Task to carry out: Print exactly the lines from the one containing "Dev BS Bingo - Echegaray & Robertson" through the last line of the records below, both included, and nothing else; omit any pictures.

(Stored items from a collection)
- - - - -
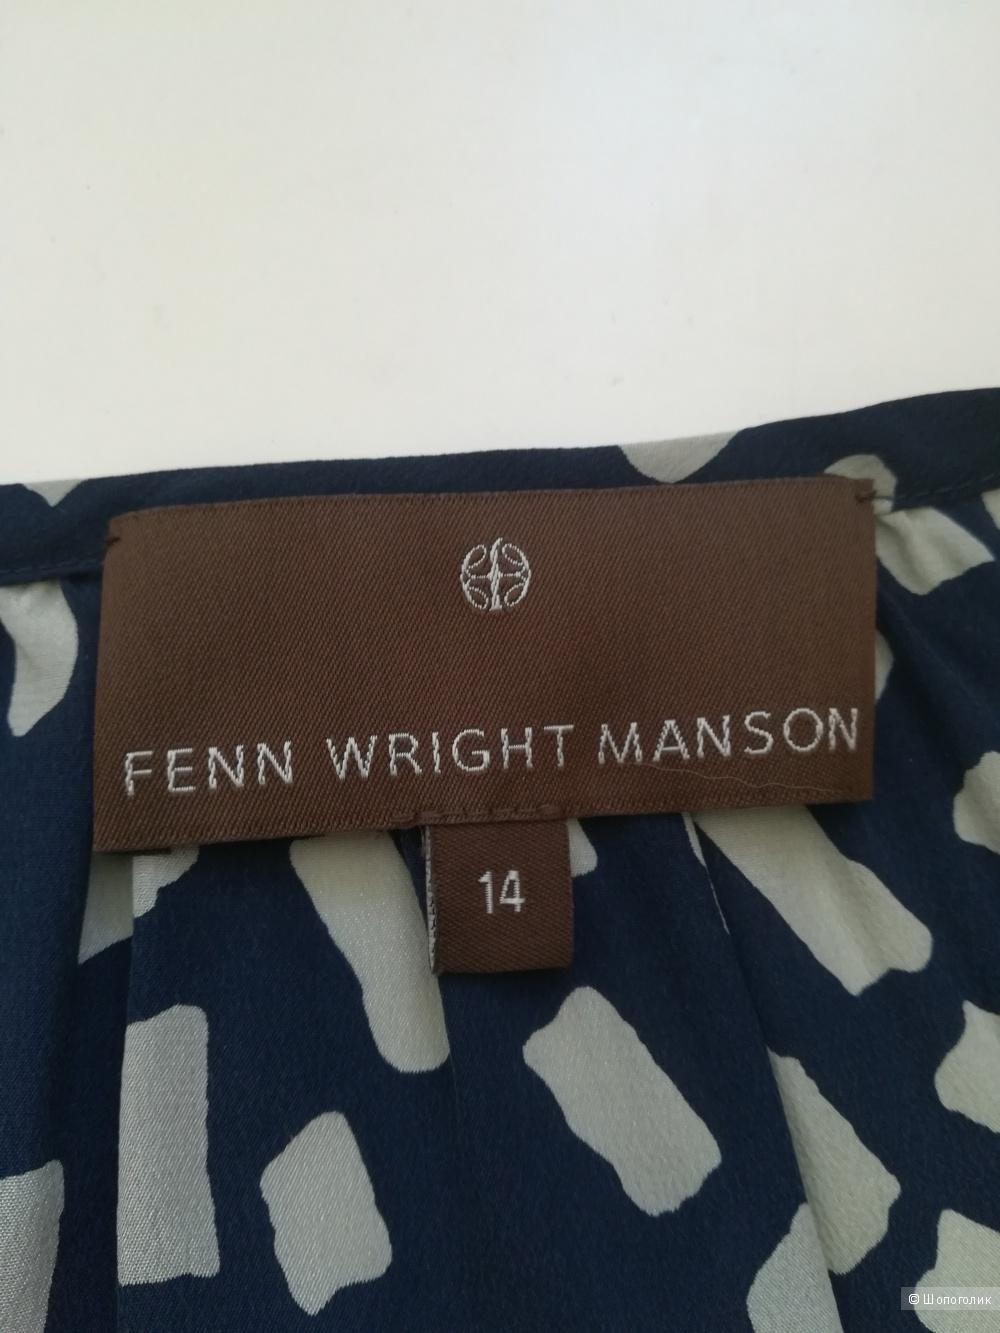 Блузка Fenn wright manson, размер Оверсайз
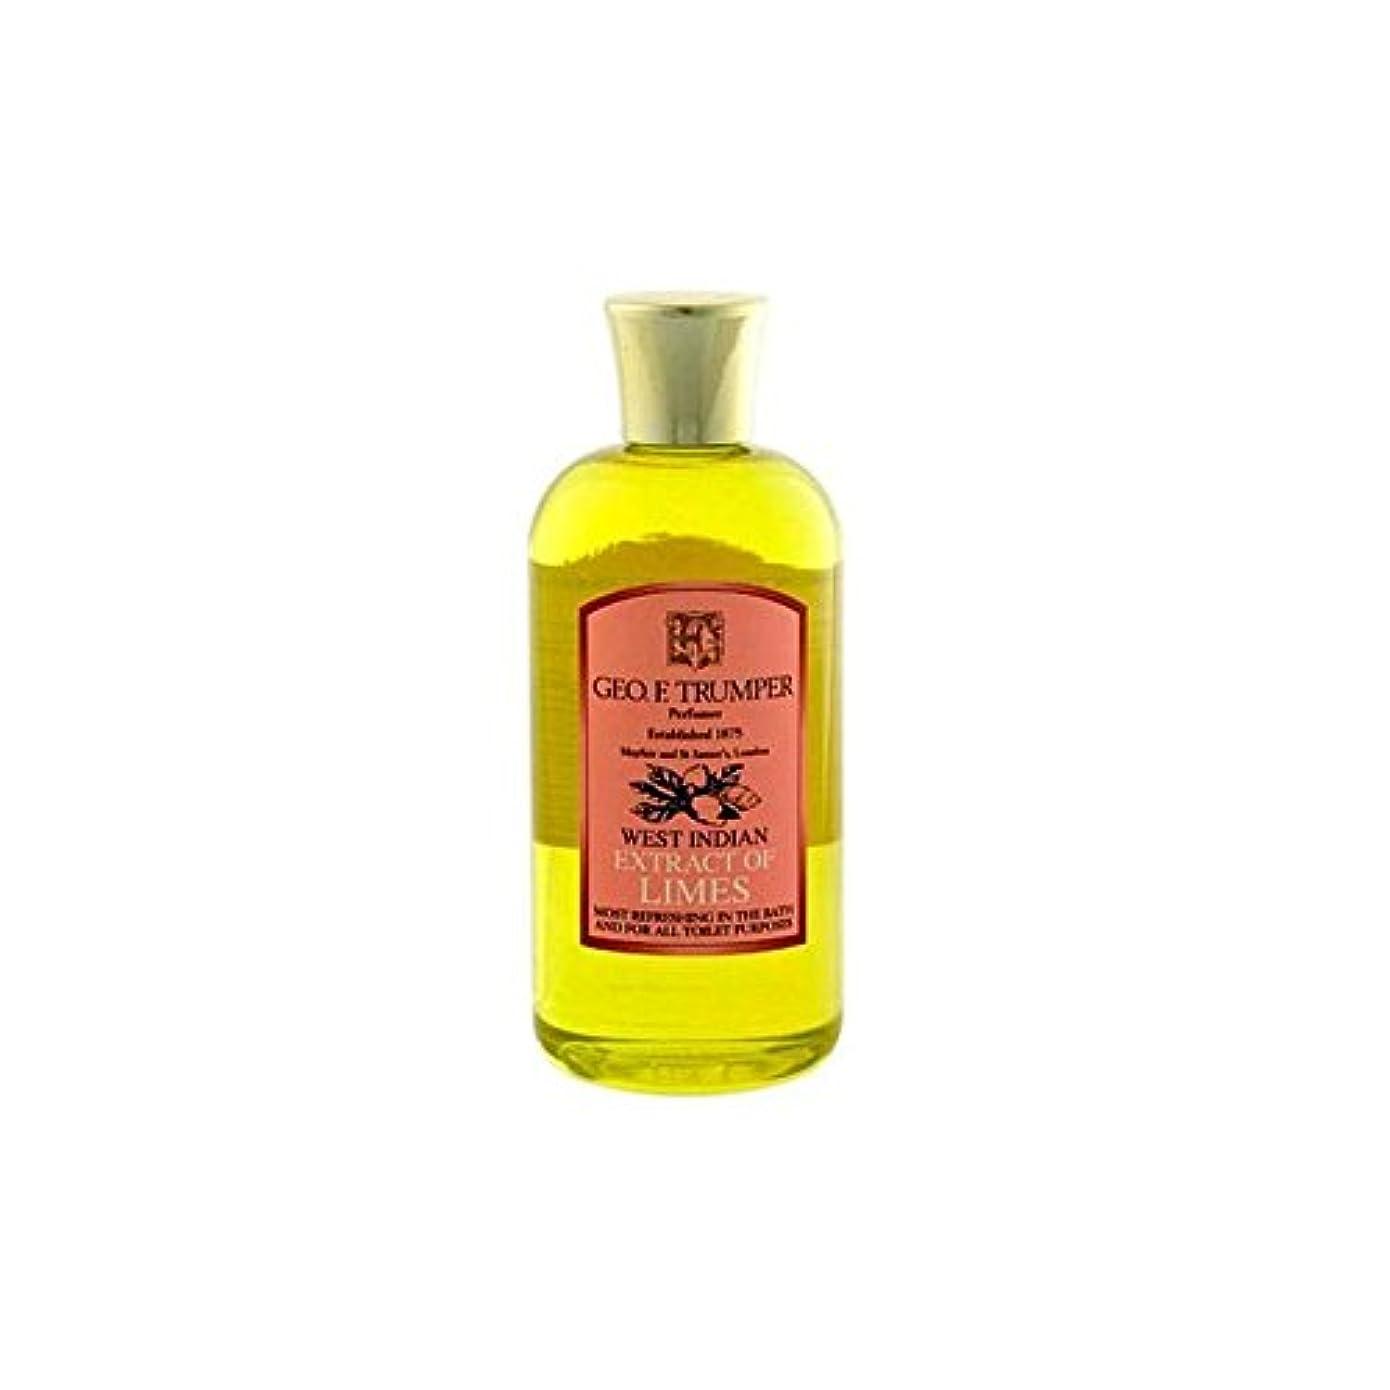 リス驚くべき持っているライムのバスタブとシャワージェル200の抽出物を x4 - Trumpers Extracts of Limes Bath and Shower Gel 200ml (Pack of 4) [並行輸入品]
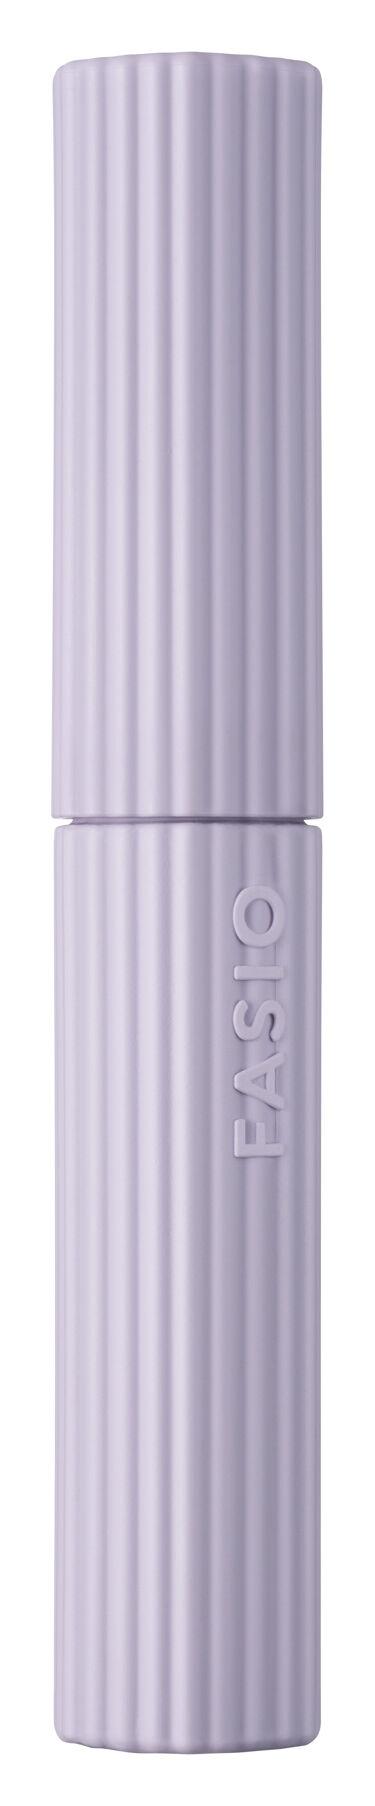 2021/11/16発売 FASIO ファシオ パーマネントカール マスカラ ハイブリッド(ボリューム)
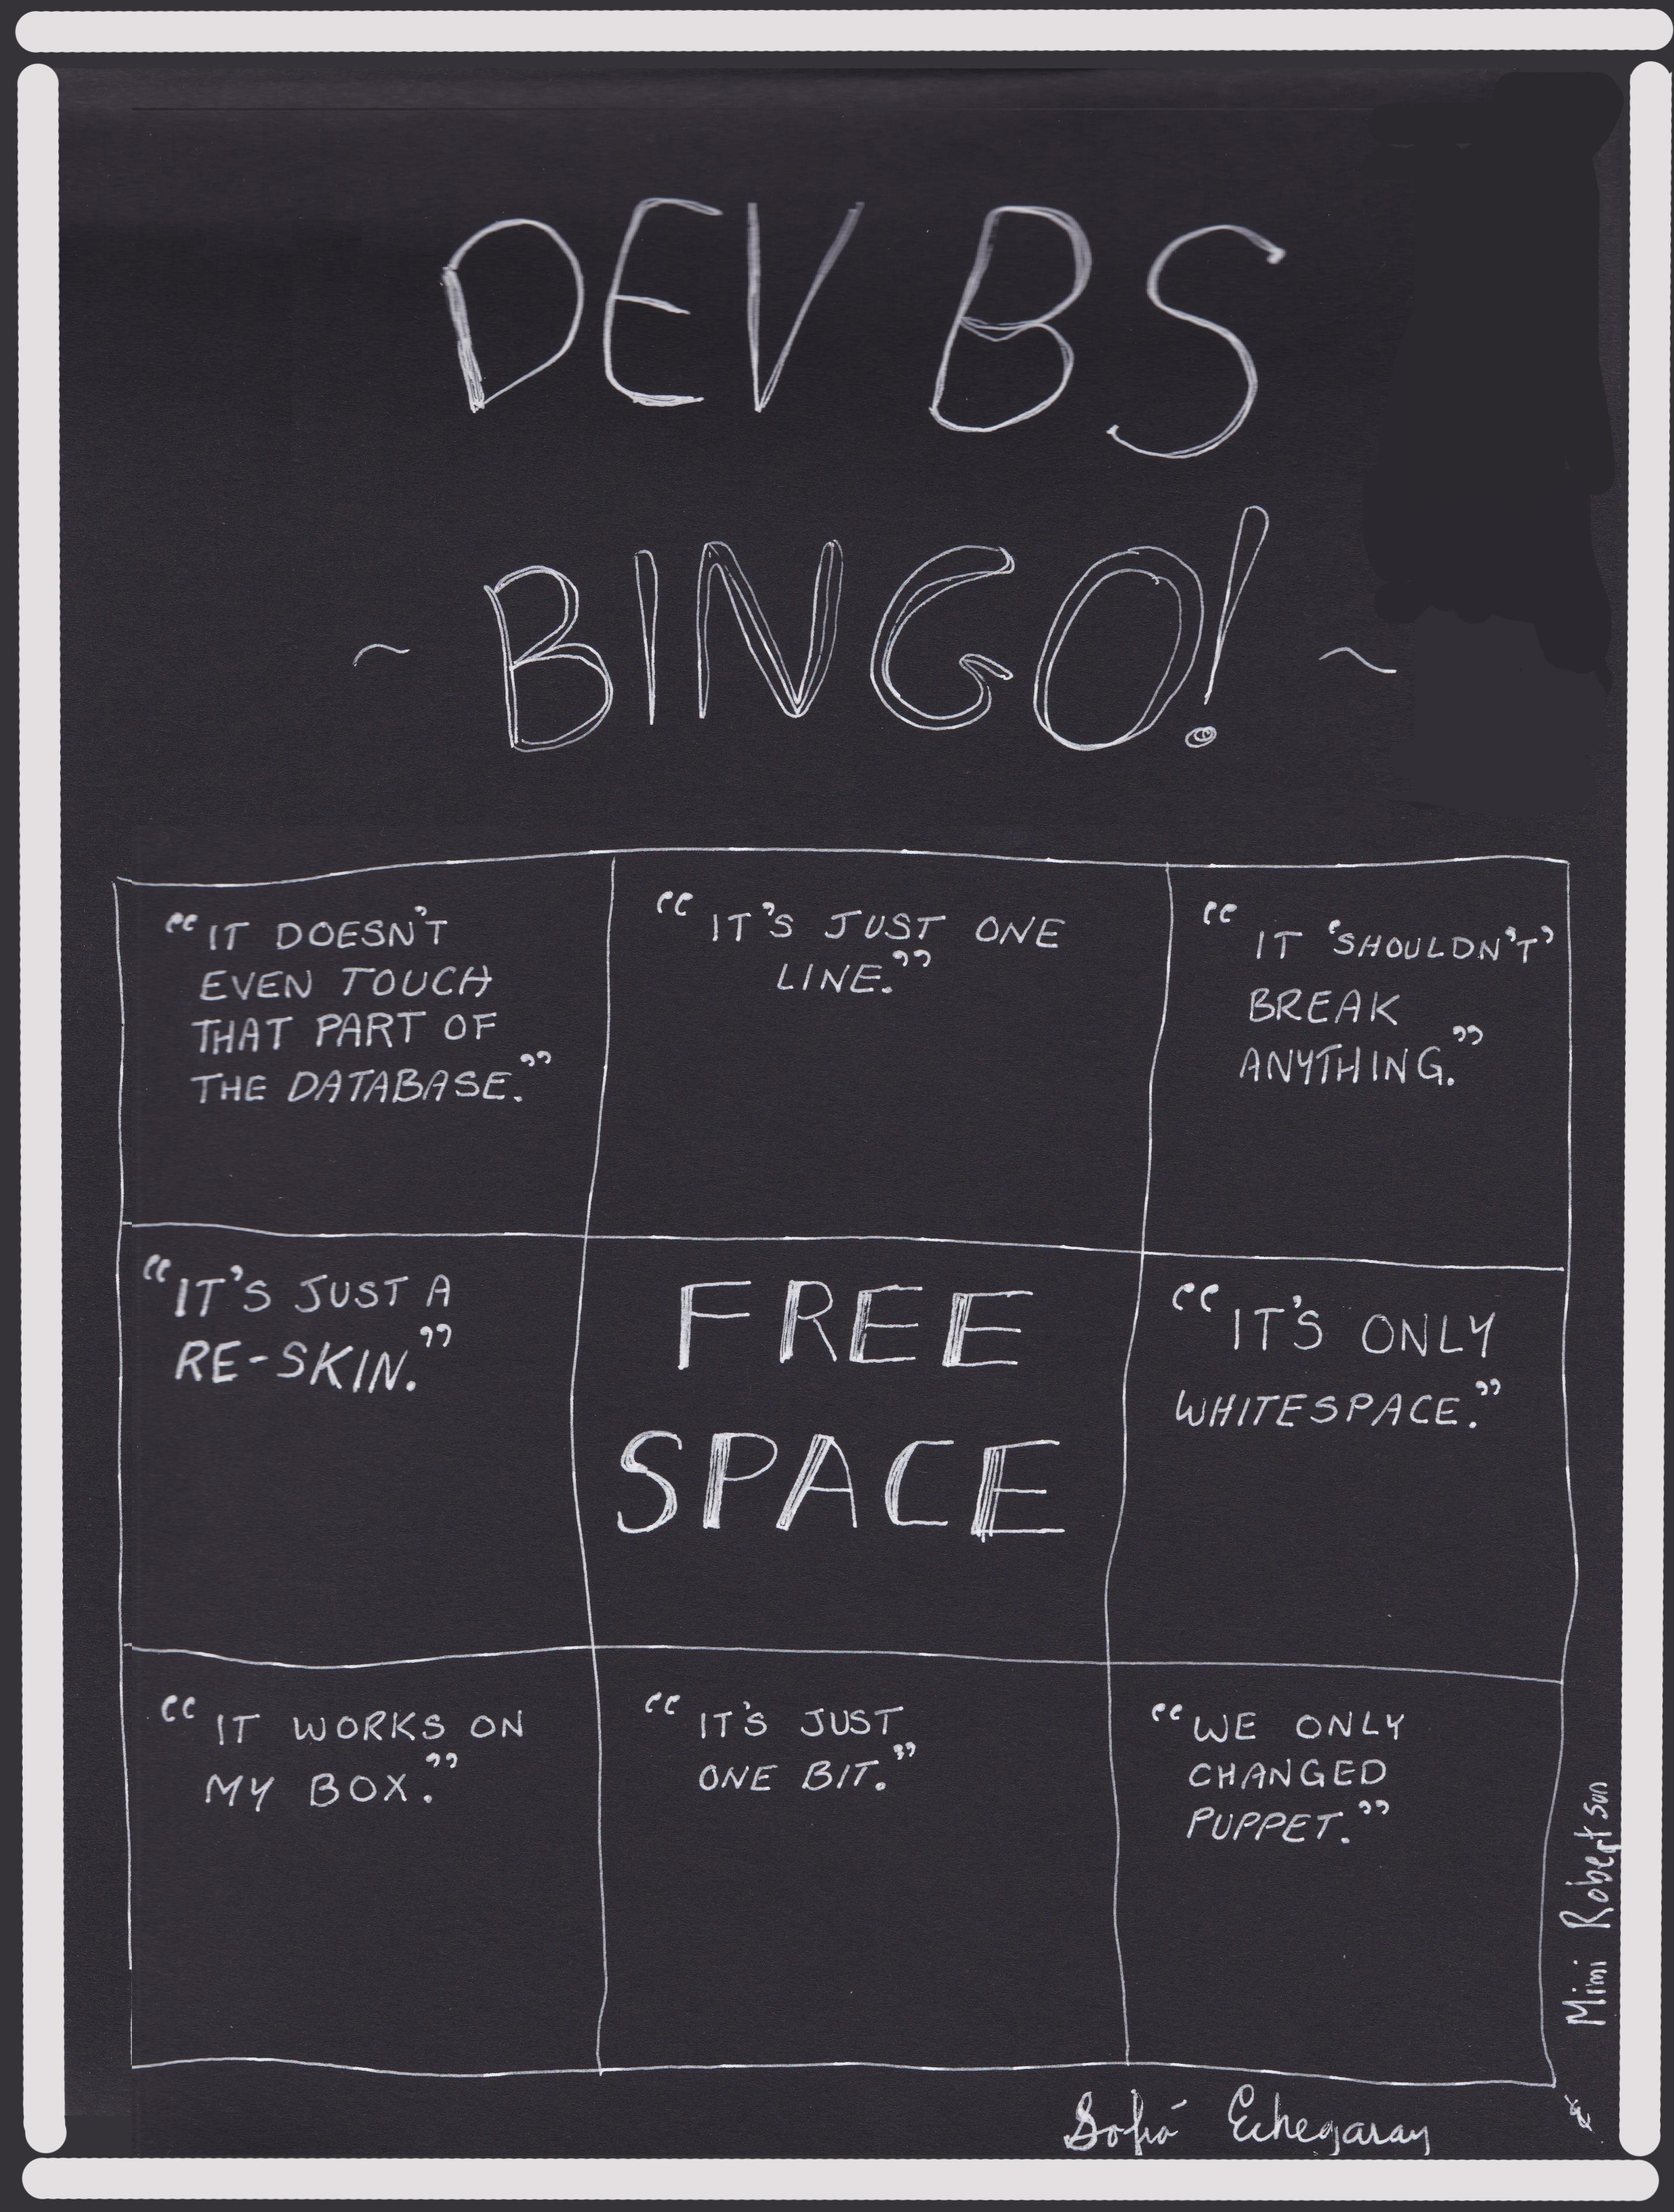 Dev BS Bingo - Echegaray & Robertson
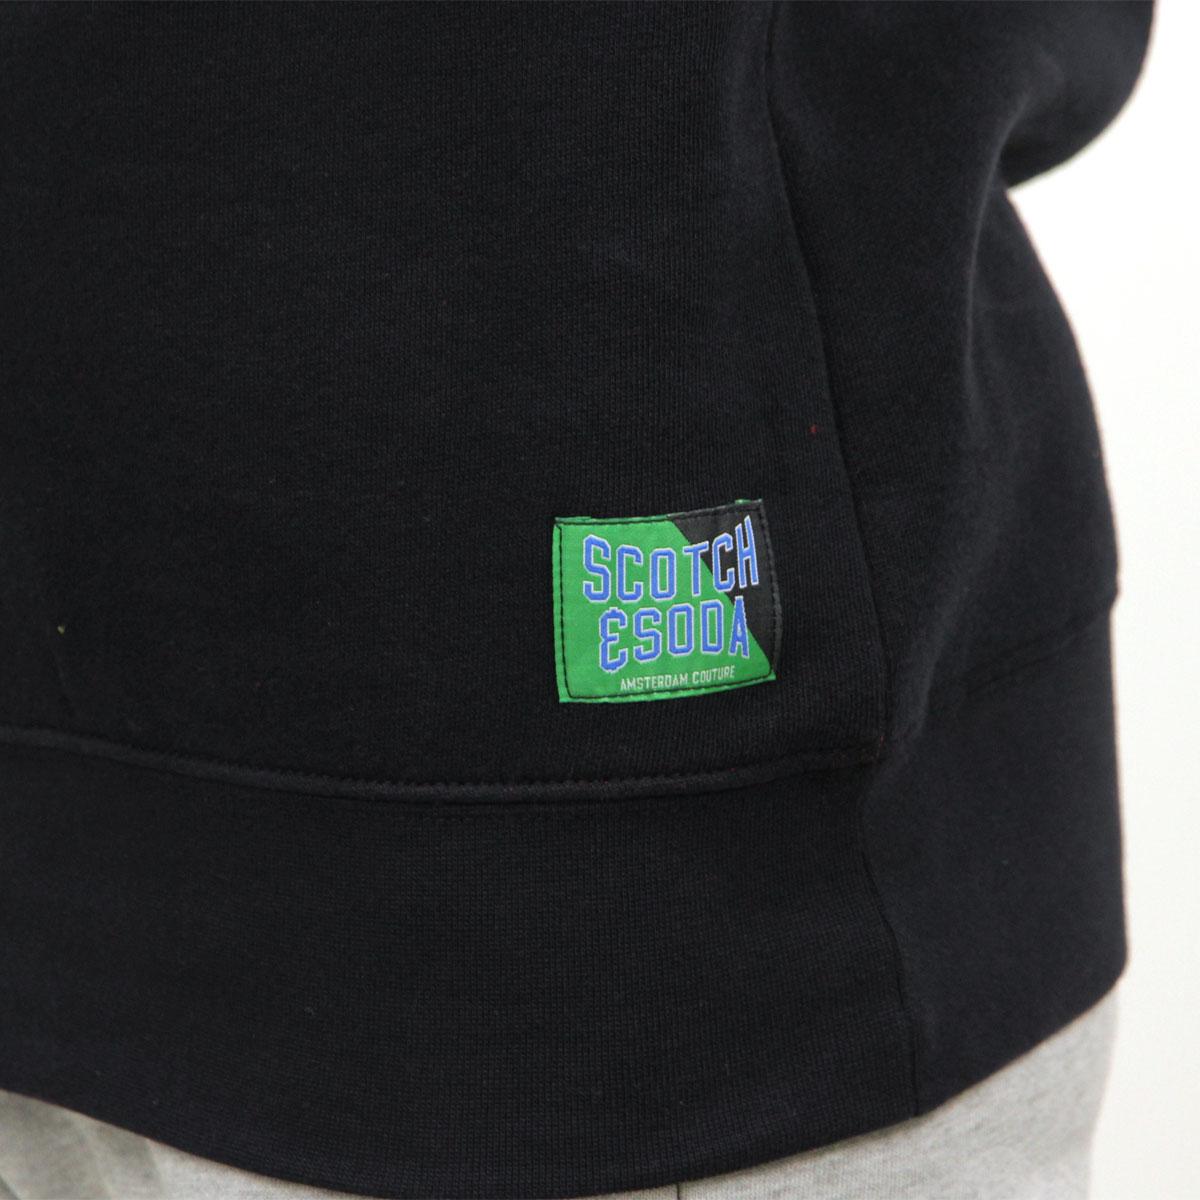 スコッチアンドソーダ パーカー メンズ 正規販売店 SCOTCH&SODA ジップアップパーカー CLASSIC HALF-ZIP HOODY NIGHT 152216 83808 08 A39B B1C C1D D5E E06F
- - - - -
Result of this exercise:
 Dev BS Bingo - Echegaray & Robertson
 スコッチアンドソーダ パーカー メンズ 正規販売店 SCOTCH&SODA ジップアップパーカー CLASSIC HALF-ZIP HOODY NIGHT 152216 83808 08 A39B B1C C1D D5E E06F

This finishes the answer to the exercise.